I went ahead and took a bit the bullet and switched over a couple smaller if-it-breaks-no-one-will-call-screaming projects to the recent App Engine feature, the Gitub hook.
It’s like git push-to-deploy, but it’s not
If you used the other git method that Google offered, the github hook works similar, sorta. The key difference is that that when you pushed via git directly to the Google source repo, you’d get the build pack right there on your console and it would spew forth interesting and useful messages when things were catching on fire.
The Github hook doesn’t do this (mind you it shouldn’t…it’s a post-hook). So if you need to verify that your recent merge into your master branch did in fact get pulled, packed and deployed you need to log into the Google Cloud console and check under Cloud Development to see how things went.
Humm, red can’t be good
Then you might notice some red icons saying your deploy failed and you then see messages like in the screenshot below.

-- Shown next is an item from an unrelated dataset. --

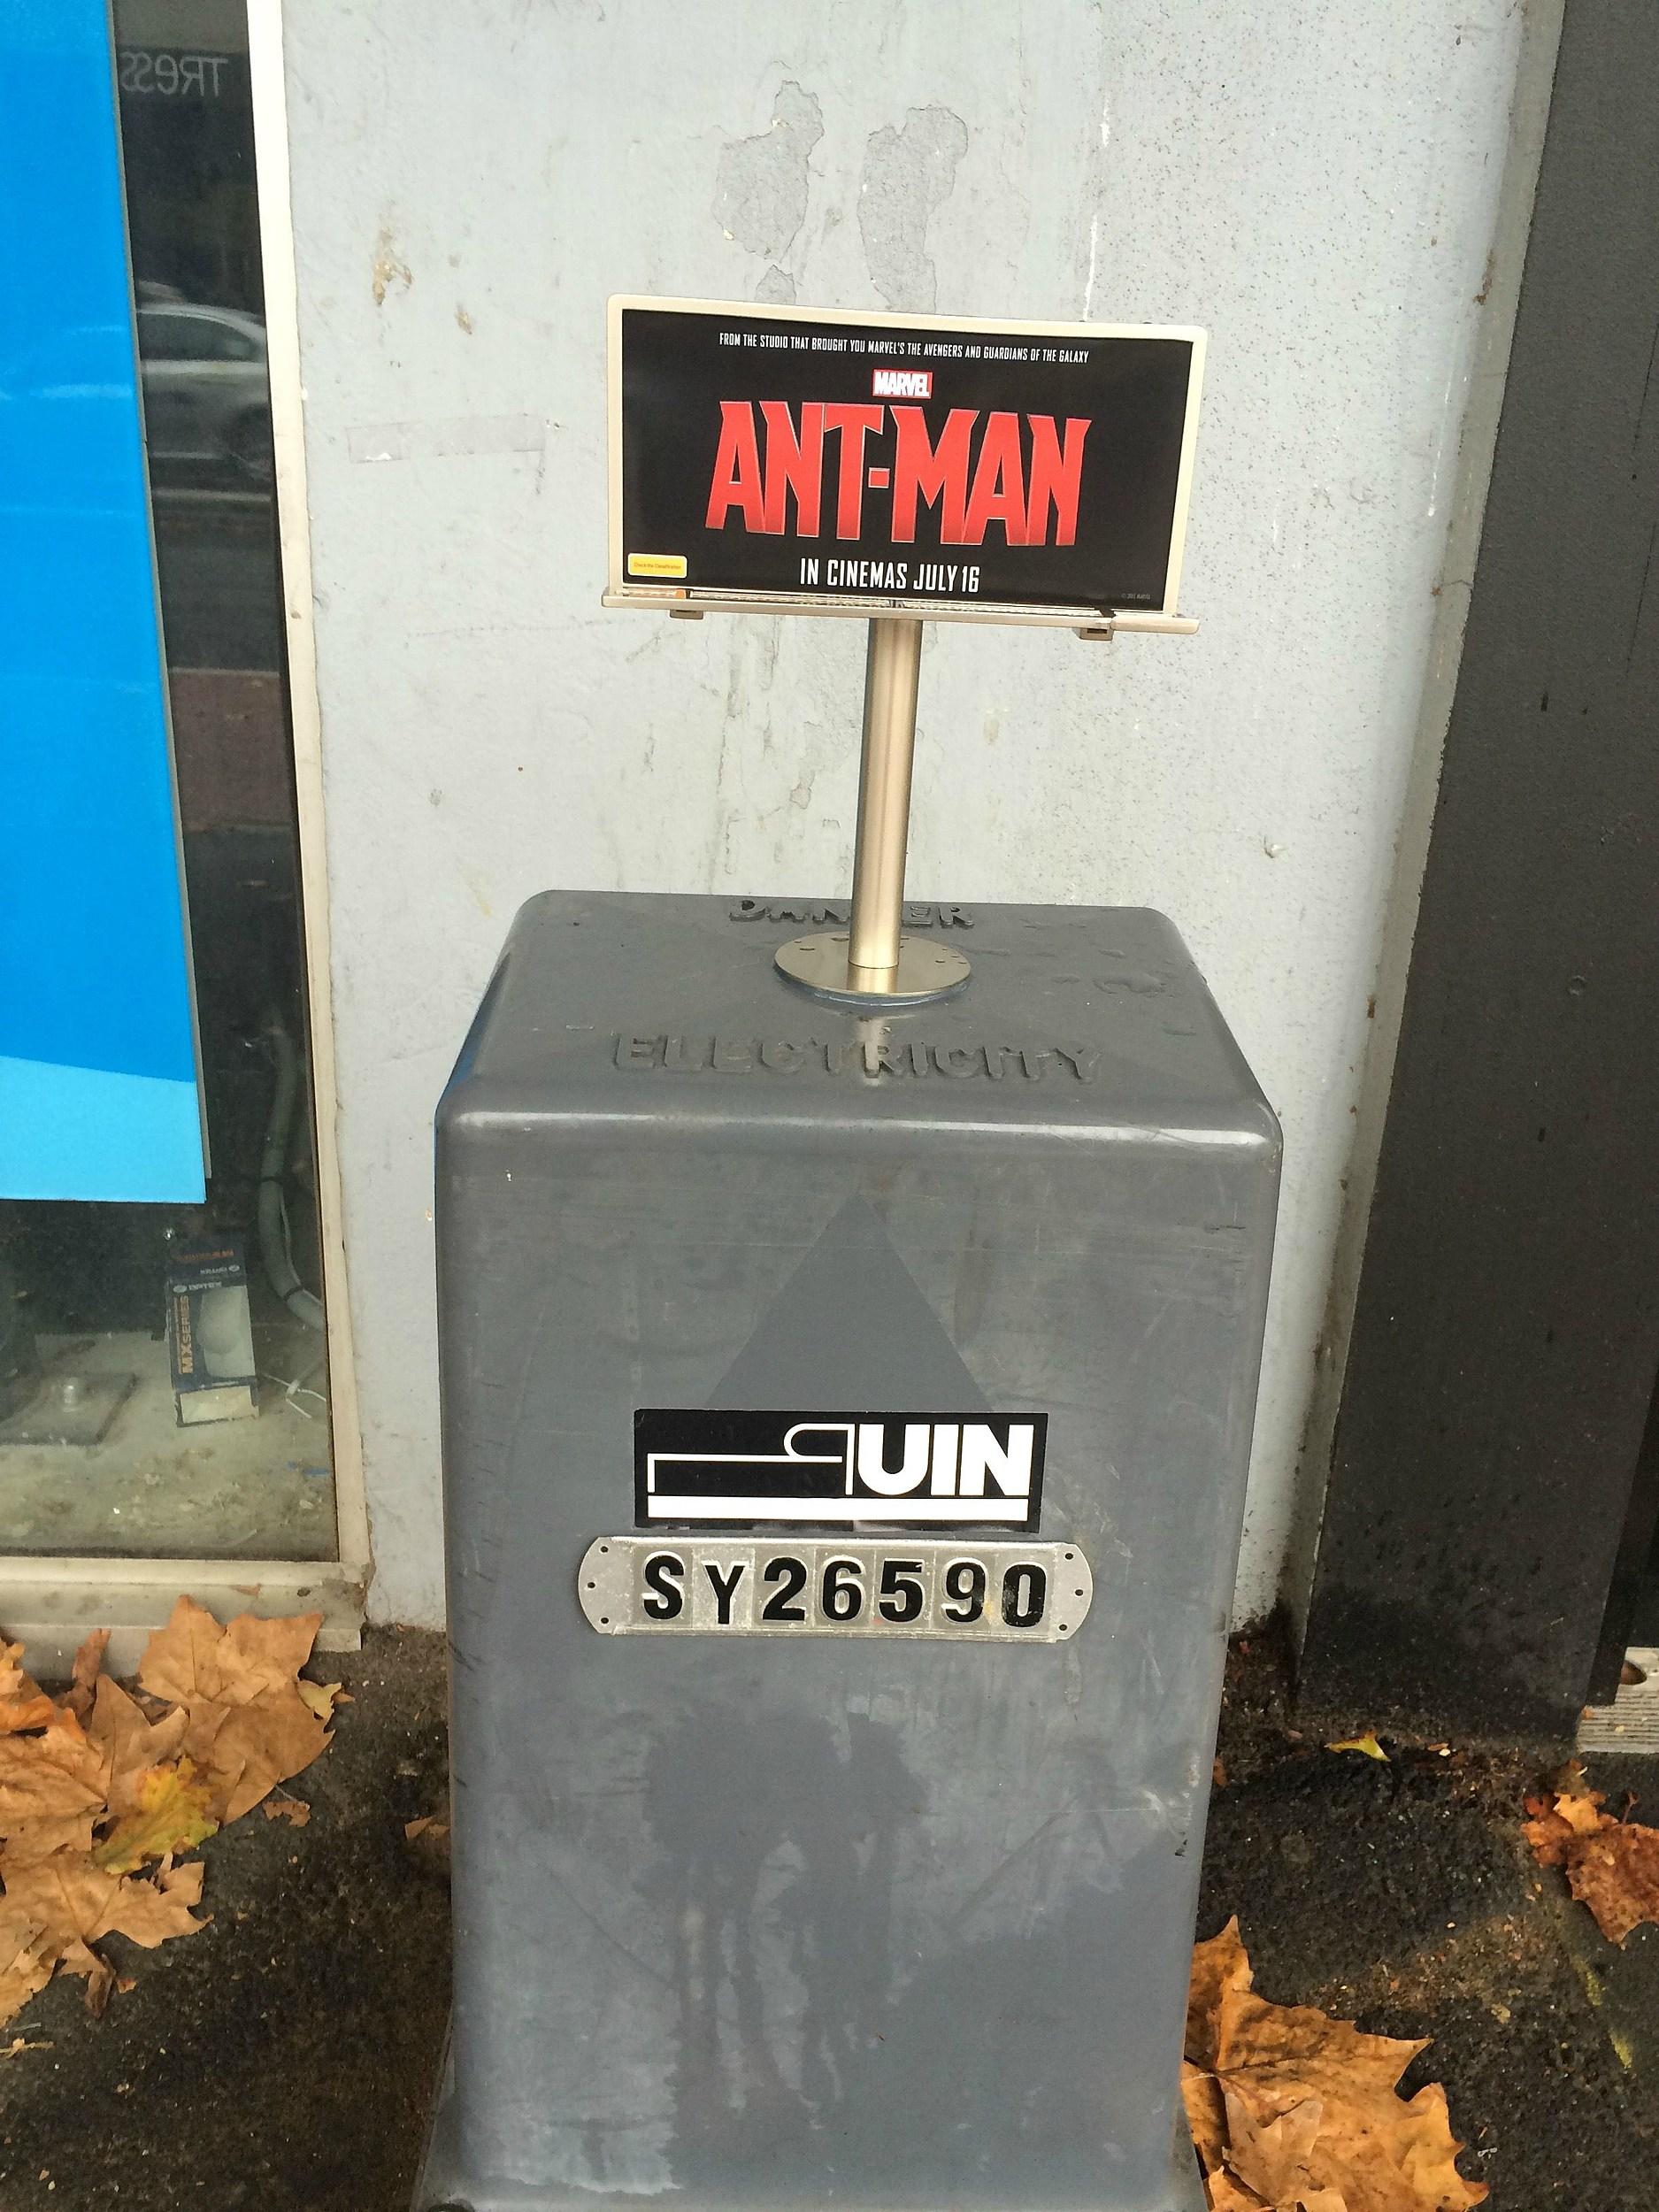 Tiny Ant Man billboard

You then again check the documentation and note that humm, automatic_scaling is correct but App Engine seems very angry about this. So you fiddle with it, only in the end to learn that removing it completely solves the problem (at least in terms of deploying with git).
What gives? The reality, similar tp my post on the builtins, is that pushing code via git (in this case Google’s git source repo or Github) can lead to unexpected results. This is fairly well documented in the App Engine tracker, but if you can’t be bothered to run a push via non-git repo methods and you need to change configuration, it’s not currently going to work for now.